Из-за стола поднялся Василий и, пошатнувшись, потянул на себя скатерть. Загремела, зазвенела полетевшая на пол посуда.
– Ме-меня... мутит... – нутряным голосом протрубил Василий и пополз и двери.
– Животная некультурная! – озлился высокий и с силой пнул его носком сапога. Затем, широко расставив ноги и засунув руки в карманы галифе, он остановился перед Юрочкой.
– Я сам поговорю с дамой!
– Чего?! – набычившись, спросил Юрочка.
– Иди, говорю! – потребовал высокий.
– А это не видел? – крикнул Юрочка и соорудил комбинацию из трех пальцев, лизнул языком выпятившийся большой и сунул ее к самому носу компаньона.
Этот воинственный и вместе с тем оскорбительный жест не возымел должного воздействия. Высокий откинул голову назад, отстраняясь от не совсем приятного сооружения, осторожно отвел руку Юрочки в сторону.
– Юрочка, – с нежностью сказал он. – Я тебя прошу: будь добренький – уйди! Ты можешь понимать русский язык?
– Сам уходи! Сматывайся! – свирепея, заорал Юрочка.
– Давай не будем, – примиряюще сказал высокий и, выхватив из кармана колоду карт, ловко перетасовал ее. – Тяни...
– Так, да? – недовольно, но уже более спокойным голосом спросил Юрочка.
– Закон! – ответил высокий.
Юрочка потер в нерешительности ладонь о ладонь и выхватил из колоды карту.
– Валет! – захлебываясь от радости, крикнул он.
Высокий бросил на карту косой взгляд, кивнул головой, мол, вижу, снова перетасовал карты, отдал их Юрочке; он тоже потасовал, затем снял добрую половину колоды, еще раз потасовал и протянул высокому. Высокий осторожно запустил пальцы в колоду и не спеша протянул карту.

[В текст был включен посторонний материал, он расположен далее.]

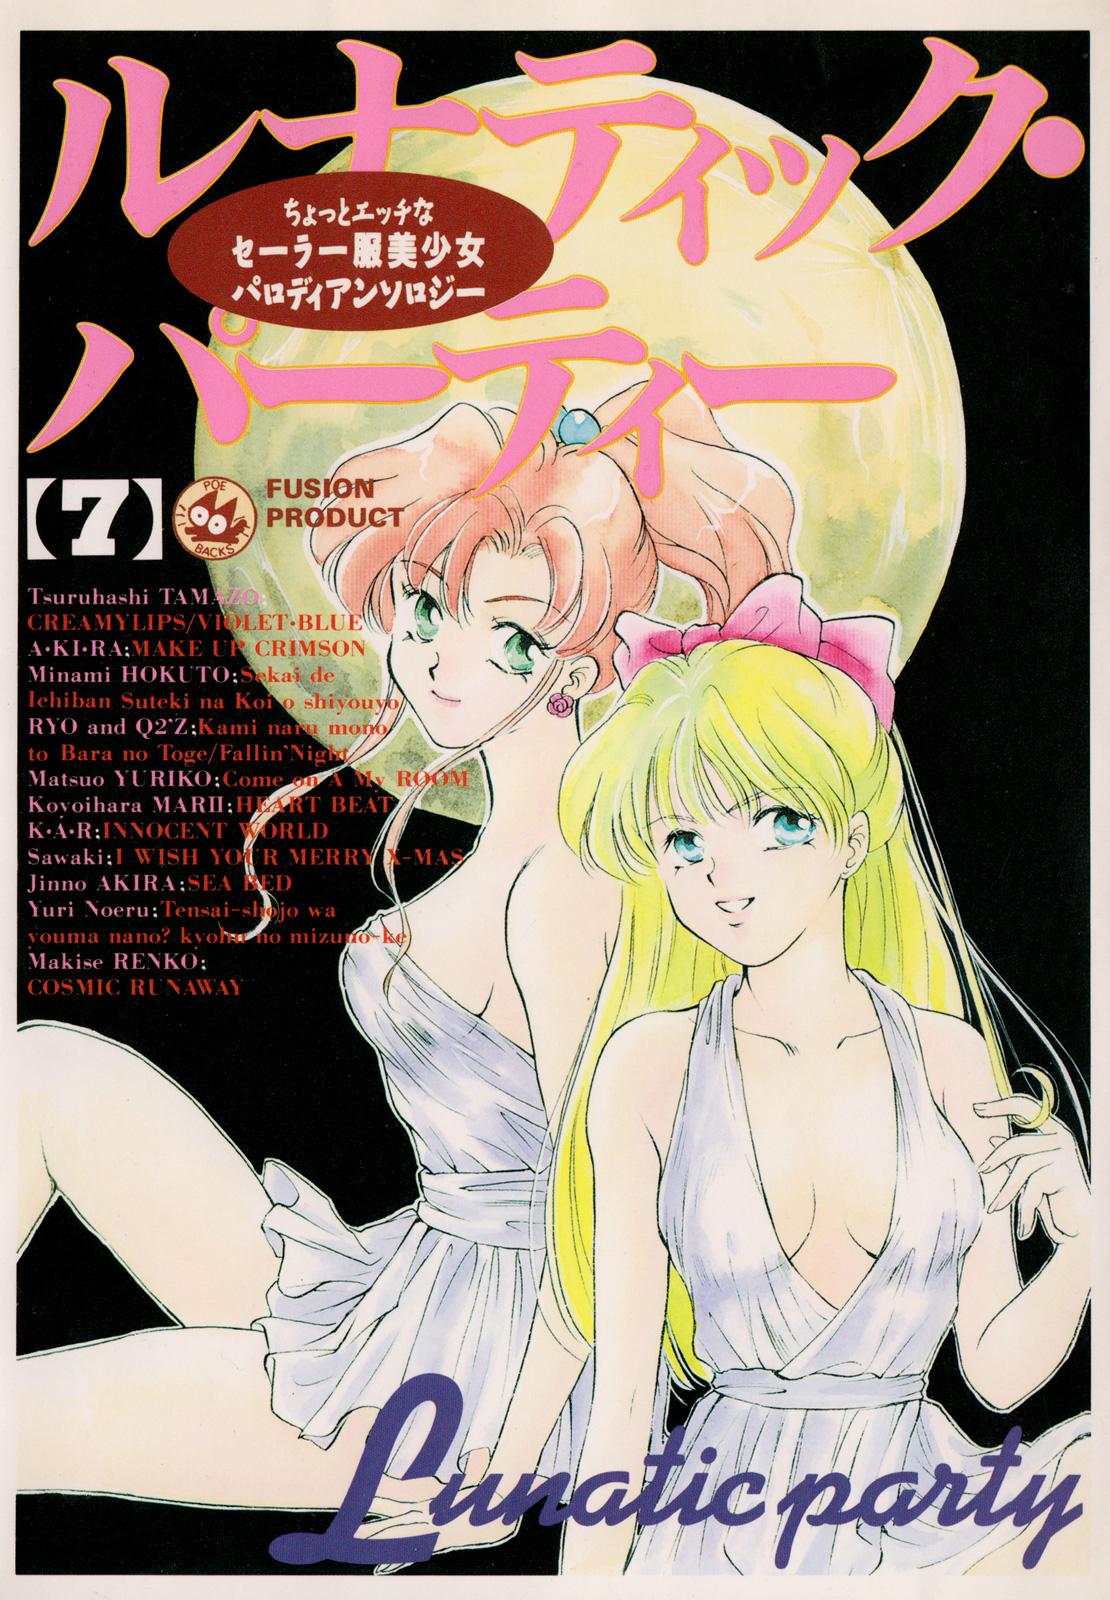 Realsex Lunatic Party 7 - Sailor moon Celebrity Nudes - Page 1

– Туз, – безразличным голосом, не отрывая от компаньона глаз, сказал длинный. – Моя дама. Смойся! Валяй с обыском...
Надя поняла, что больше нельзя терять ни мгновенья, и со всех ног бросилась в гостиную. За ней с криком ринулись бандиты. Она кинулась к тому креслу, где находились оставленные винтовки, но их уже не было...
– Помогите! – в отчаянии закричала Надя.
Глава двадцать первая
С лестницы прогремел выстрел, и она увидела там студента. В руках у него была винтовка, вторая висела за плечом.
– Беги! – крикнул он. – Сюда беги!
Надя кинулась вверх по лестнице.
Тем временем опешившие вначале от неожиданного выстрела Юрочка и его компаньон открыли беспорядочную револьверную стрельбу по беглянке и невесть откуда появившемуся человеку, захватившему их винтовки.
Обручев и Надя притаились за выступом на втором этаже у самой лестницы. Сквозь просветы невысокой балюстрады они хорошо видели всю гостиную и имели возможность следить за каждым шагом Юрочки и высокого, тогда как громилы могли лишь догадываться об их местонахождении. Скрываясь за мебелью, грозя и ругаясь, Юрочка и высокий изредка постреливали – должно быть, заряды у них подходили к концу. У Обручева патронов тоже было немного – в карабине ни одного, а в магазинной коробке винтовки после сделанного выстрела осталось четыре. Обручев знал твердость своей руки и меткость глаза: среди офицеров полка он считался превосходным стрелком. Ему было вполне достаточно двух патронов, чтобы уложить находящихся внизу бандитов, он и первым выстрелом мог ухлопать одного из них, а это скорее всего был бы высокий, первым бежавший за Надей. Но Обручев этого не сделал, намеренно послал пулю так, чтобы она никого не задела. И жалел, что не мог влепить каждому из них. Понимал – нельзя.
Стоило ему взглянуть на вошедших, как он разгадал их, хотя они и понацепили на себя изрядно кумача. Юрочку он раньше не встречал, а высокого видел у полковника Рубасова и знал, что это уголовник, вор и убийца Сашка Бондарь, только что освобожденный из тюрьмы по приказу все того же полковника Рубасова. Обручев хорошо его запомнил.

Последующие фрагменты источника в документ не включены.